An FM Transceiver From An Unexpected Chip

The Si47xx series of integrated circuits from Silicon Labs is a fascinating series of consumer broadcast radio products, chips that apply SDR technologies to deliver a range of functions that were once significantly more complex, with minimal external components and RF design trickery.  [Kodera2t] was attracted to one of them, the Si4720, which boasts the unusual function of containing both a receiver and a transmitter for the FM broadcast band and is aimed at mobile phones and similar devices that send audio to an FM car radio. The result is a PCB with a complete transceiver controlled by an ATmega328 and sporting an OLED display, and an interesting introduction to these devices.

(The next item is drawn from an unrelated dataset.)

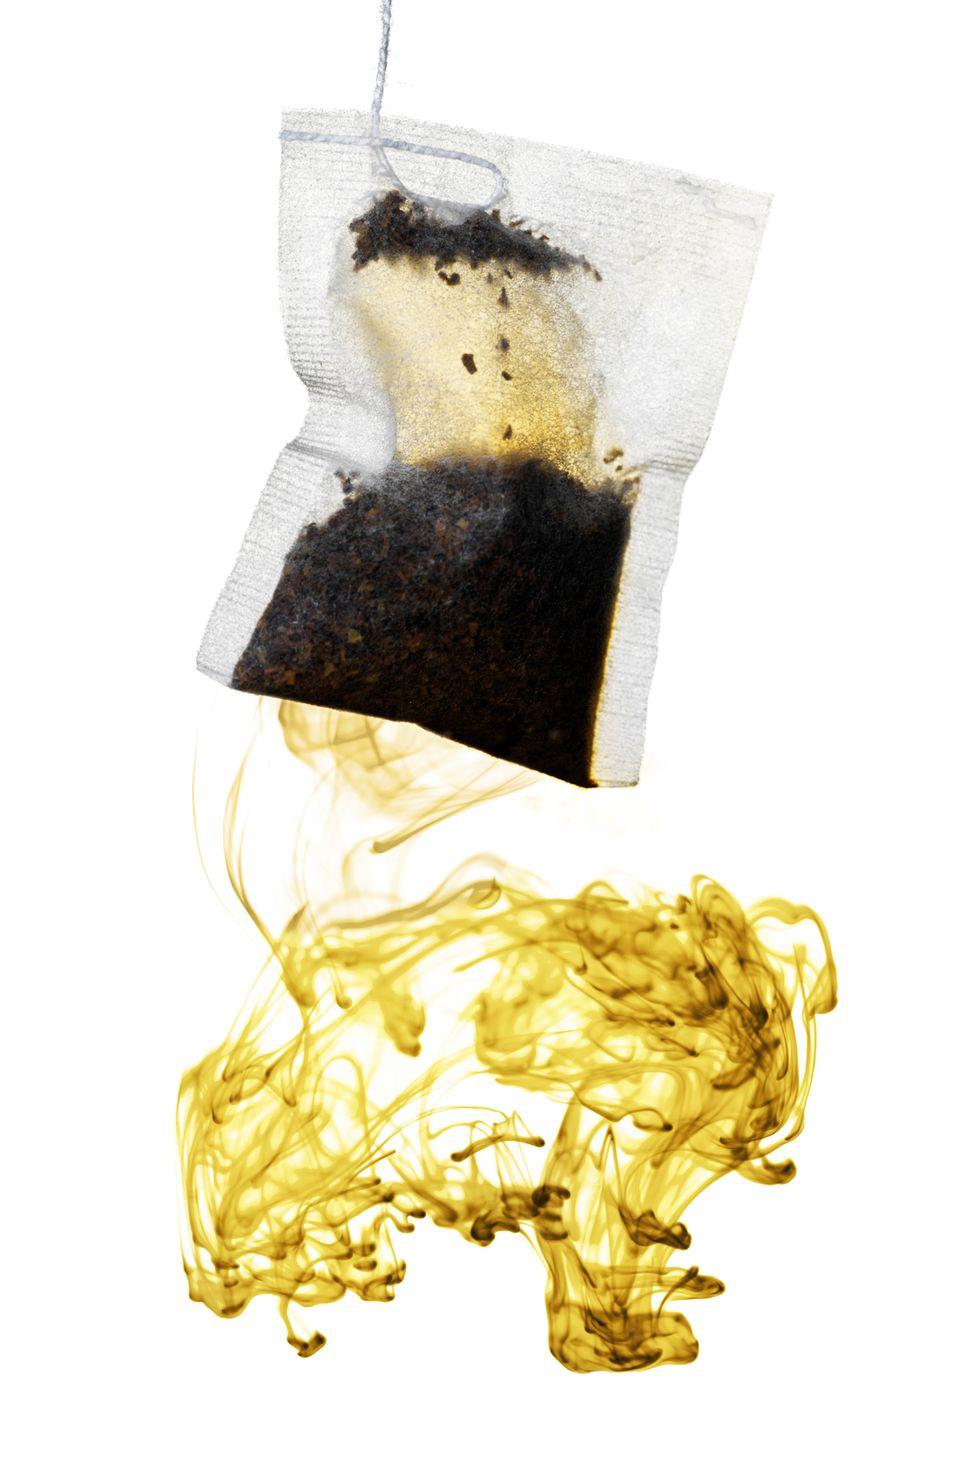 Organic orange pekoe teabag, with swirls

The Si4720 internal block diagram, from its data sheet.
The Si4720 internal block diagram, from its data sheet.

A look at the block diagram from the Si4720 reveals why it and its siblings are such intriguing devices. On-chip is an SDR complete in all respects including an antenna, which might set the radio enthusiasts among the Hackaday readership salivating were it not that the onboard DSP is not reprogrammable for any other purpose than the mode for which the chip is designed. The local oscillator also holds a disappointment, being limited only to the worldwide FM broadcast bands and not some of the more useful or interesting frequencies. There are however a host of other similar Silicon Labs receiver chips covering every conceivable broadcast band, so the experimenter at least has a good choice of receivers to work with.

If you need a small FM transmitter and have a cavalier attitude to spectral purity then it’s easy enough to use a Raspberry Pi or just build an FM bug. But this project opens up another option and gives a chance to experiment with a fascinating chip.

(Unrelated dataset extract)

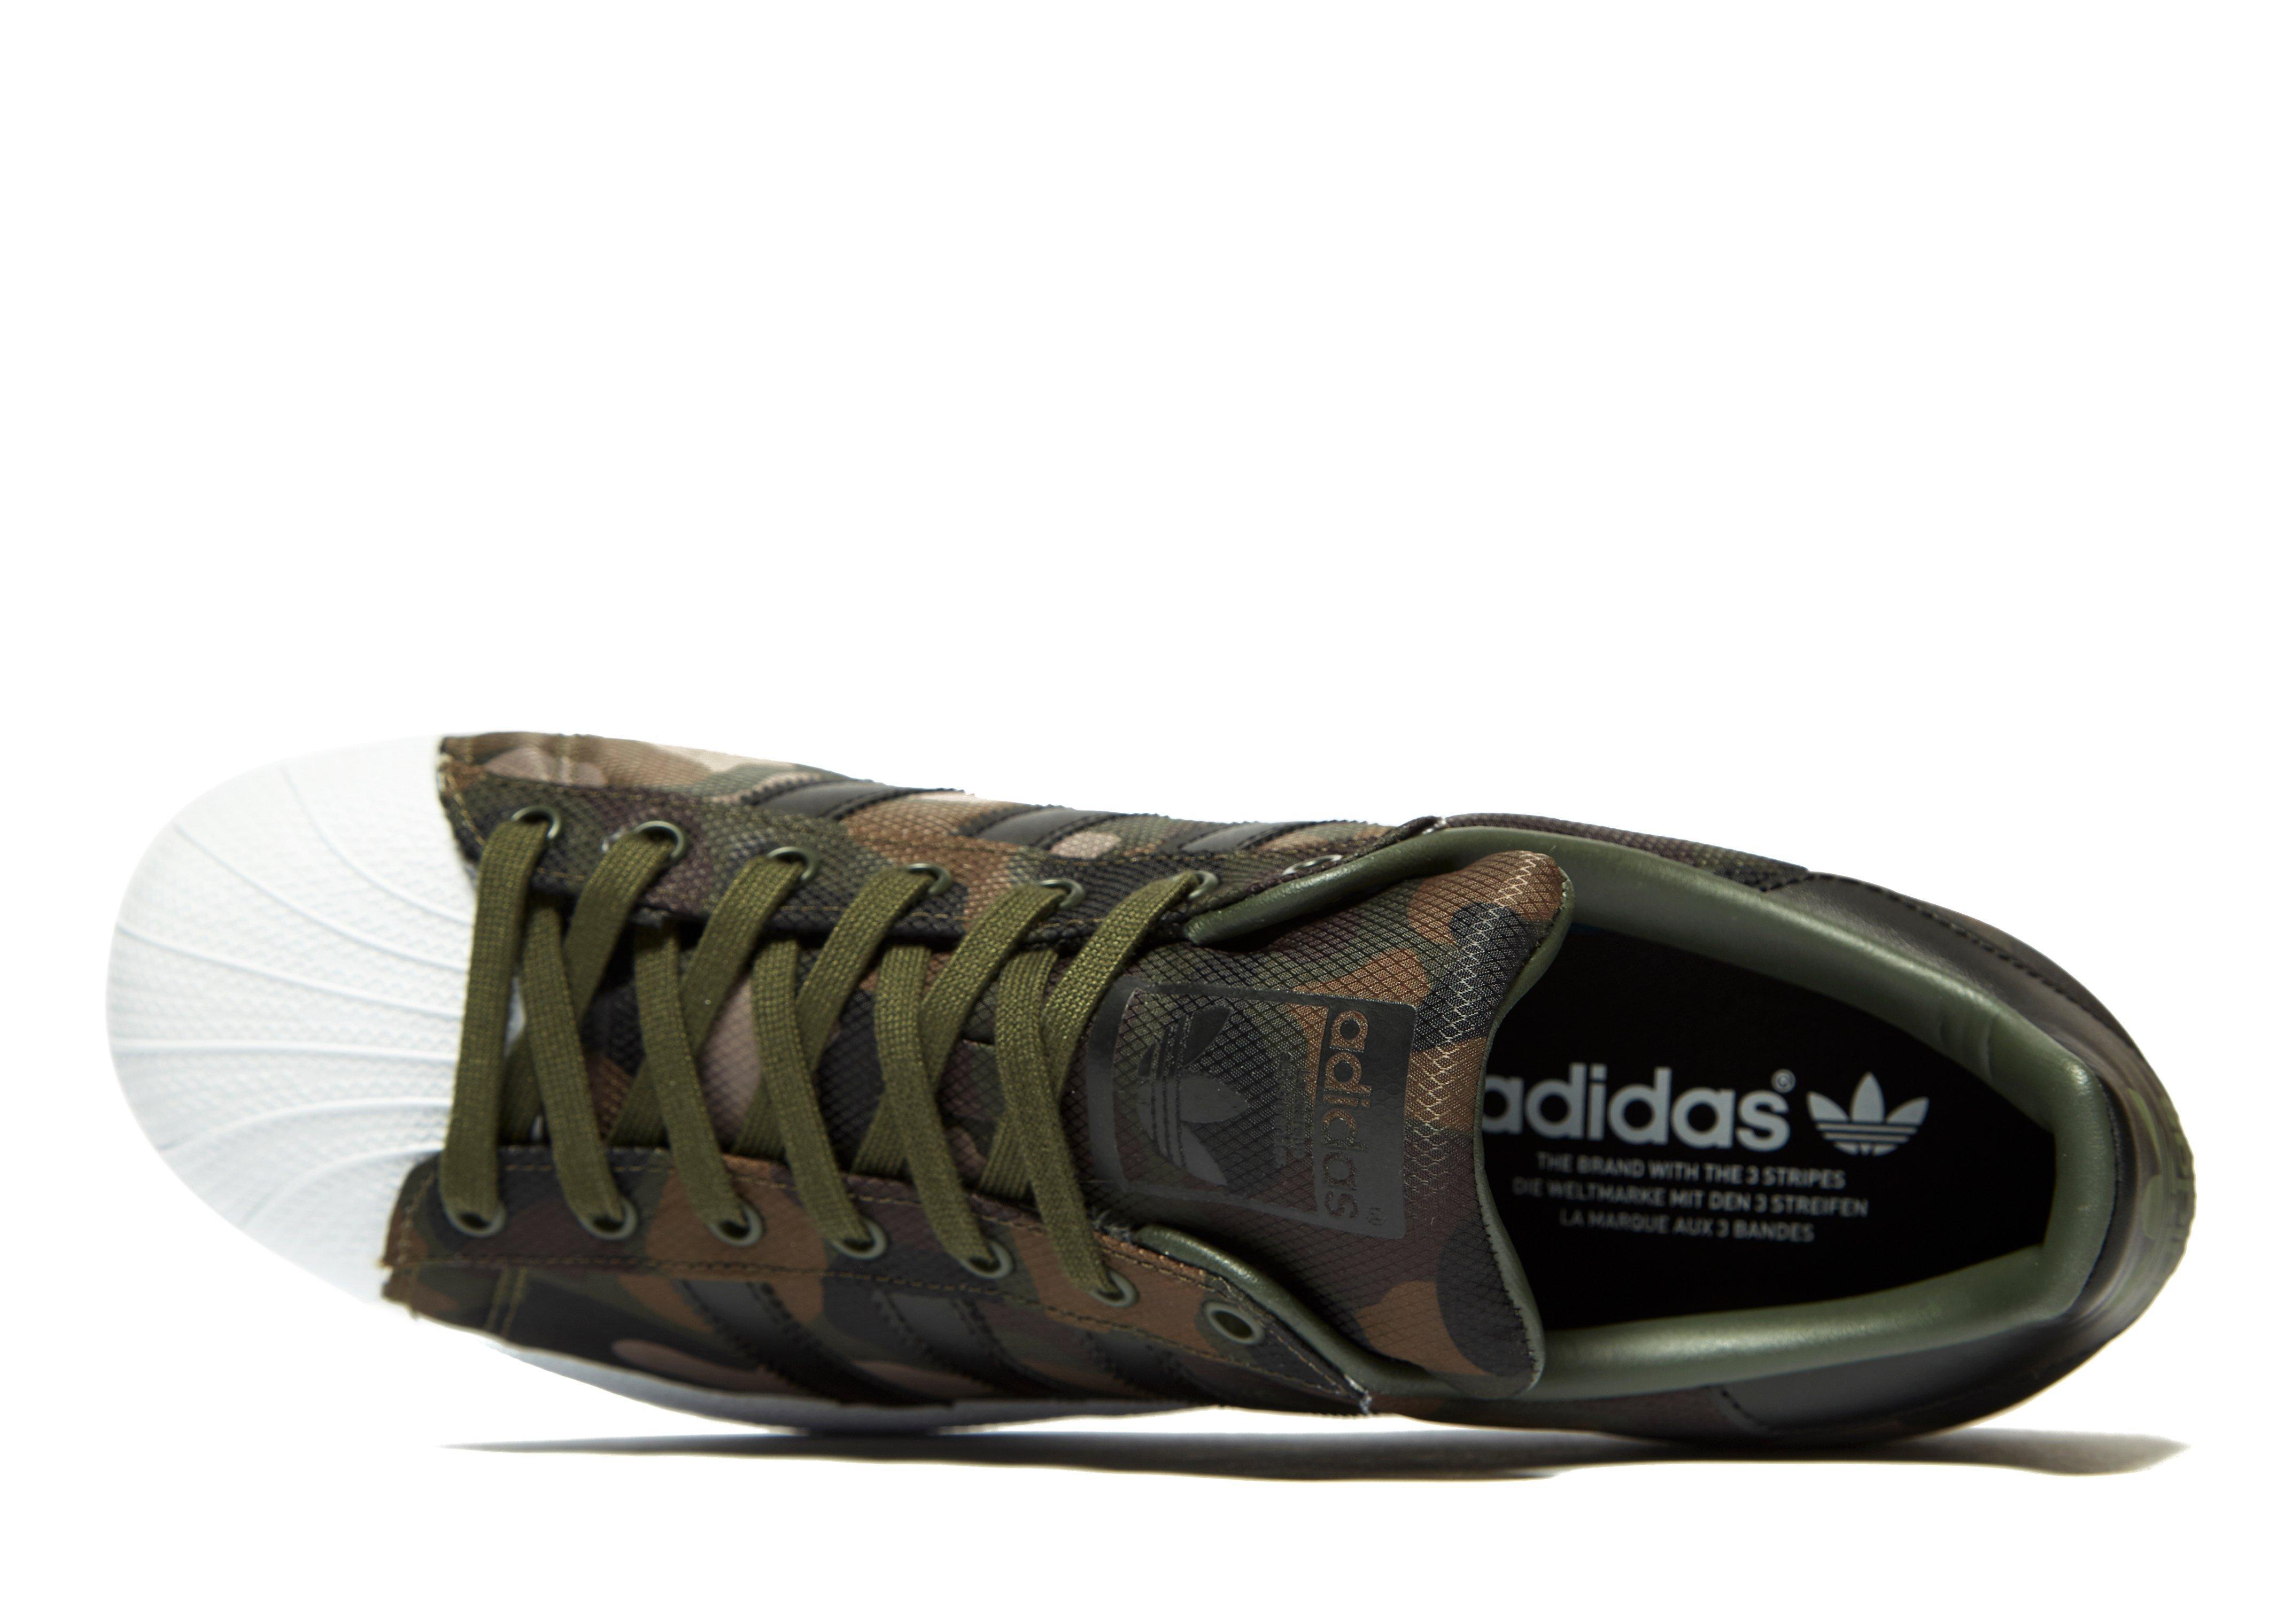 adidas Originals Rubber Superstar Camo in Cargo (Green) for Men

20 thoughts on “An FM Transceiver From An Unexpected Chip

  1. Years ago I did a commercial product using the Si4731. It was before the digital TV transition, so I snuck in the ability to receive audio from NTSC TV channels 3, 4, 5, and 6.

    I’m not clear exactly why Silicon Labs’s FM receivers go down to 64MHz; the OIRT bandplan’s lower band is 65.8MHz.

    1. I received yesterday one of the XHDATA D 808 RADIOS.
      As the British Army would say ‘It really is a nice bit of kit’
      I have held the call G3SBI since 1963 and a year or so afterwards I bought two AM handheld walkie talkies designed for the USA 27 MHz citizens band.They were not really legal over here but I was keen to see what range could be obtained.Although the receiver was a superhet the best I could do in a built up area was about 1/4 of a mile.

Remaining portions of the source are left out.